Page MenuHomePhabricator

Make RunMetadataProvider less dependent on log ordering, fix dagit crash
ClosedPublic

Authored by bengotow on Dec 19 2019, 2:20 AM.

Details

Summary

When many (1000s) of steps are executing in quick succession, events appear to occasionally arrive out of order, which caused the RunMetadataProvider to get into an unexpected state where step.expectationResults was undefined.

This diff re-writes the RunMetadataProvider to make it more straightforward and less dependent on the order that events arrive.

Test Plan

Manual

Diff Detail

Repository
R1 dagster
Lint
Automatic diff as part of commit; lint not applicable.
Unit
Automatic diff as part of commit; unit tests not applicable.

Event Timeline

max created this revision.Dec 19 2019, 2:20 AM

do we know why they become undefined? This is troublesome, especially since it indicates that typescript is lying.

Seems like at a minimum we should change the typescript annotations to accurately indicate that two properties can be undefined, but this would seem to indicate some deeper problem that we need to understand

schrockn requested changes to this revision.Dec 19 2019, 4:22 PM

queue mgmt

This revision now requires changes to proceed.Dec 19 2019, 4:22 PM
max added a comment.Dec 19 2019, 4:46 PM

hmm. these are (runMetadata.steps[step.key] || EMPTY_STEP_METADATA).expectationResults etc., which get provided by the RunMetadataProvider. It sure seems to me like extractMetadataFromLogs should execute before the component renders, and this should never be undefined, but I can reliably reproduce.

Hey @max! Ok - so I think that this is happening because we are receiving events out of order somehow, or otherwise missing the ExecutionStepStartEvent for a given step. It looks like if we receive a ExecutionStepFailureEvent with no preceding ExecutionStepStartEvent event, the execution plan step metadata (the object containing the materializations) gets initialized like this:

metadata.steps[stepKey] = produce(
  metadata.steps[stepKey] || {},
  step => {
    step.state = IStepState.FAILED;
    if (step.start) {
      step.transitionedAt = timestamp;
      step.elapsed = timestamp - step.start;
    }
  }
);

I think the problem is the || {}, which initializes the object to a state incompatible with it's typescript type.
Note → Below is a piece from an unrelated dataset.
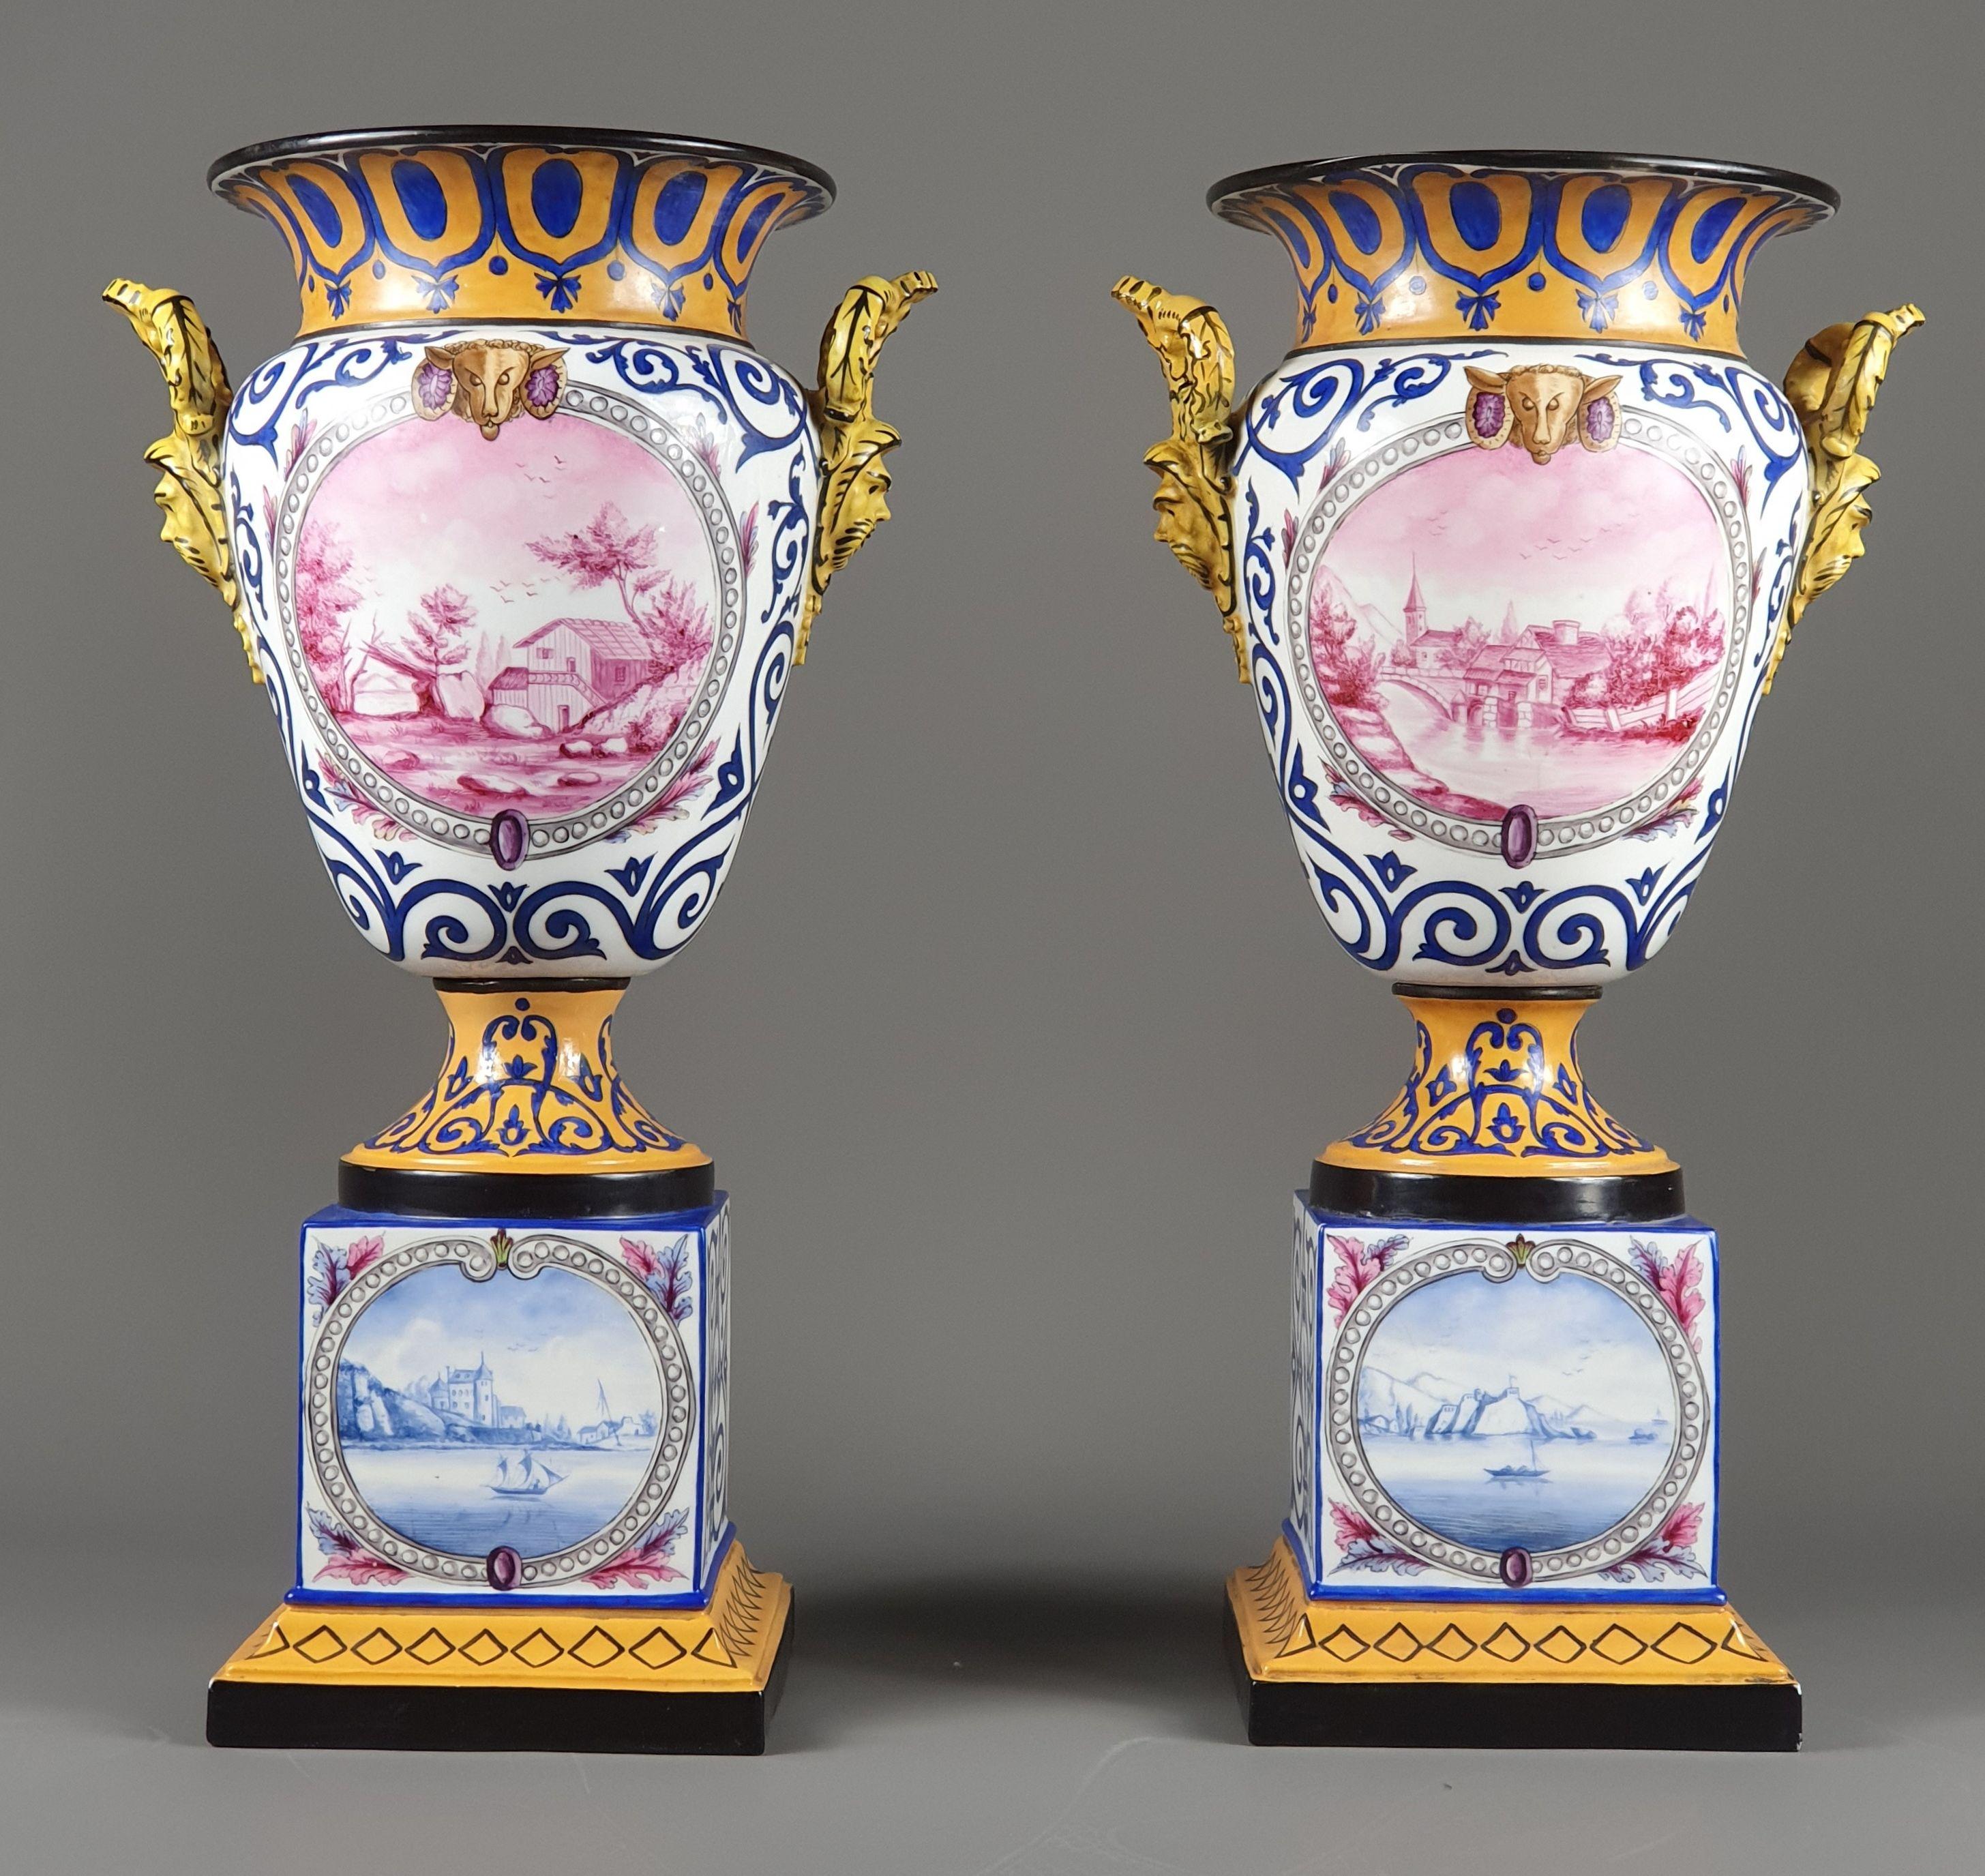 Seltenes Paar Vasen aus Pariser Porzellan, bestehend aus einem kubischen Sockel auf einem ausgestellten Sockel und einer Vase im Medici-Stil mit einem großzügigen Bauch.

Prächtiges Dekor auf orangefarbenem und weißem Hintergrund mit marineblauem

I'm honestly not sure where this "immer.produce" method came from or why it's preferable to just updating the objects using plain JS patterns - it might be a holdover from when this was tied more deeply into updating the local graphql cache. But it seems that the produce method isn't TypeScript aware so this is loosely checked at compile time. It might be worth re-writing extractMetadataFromLogs to make this safer.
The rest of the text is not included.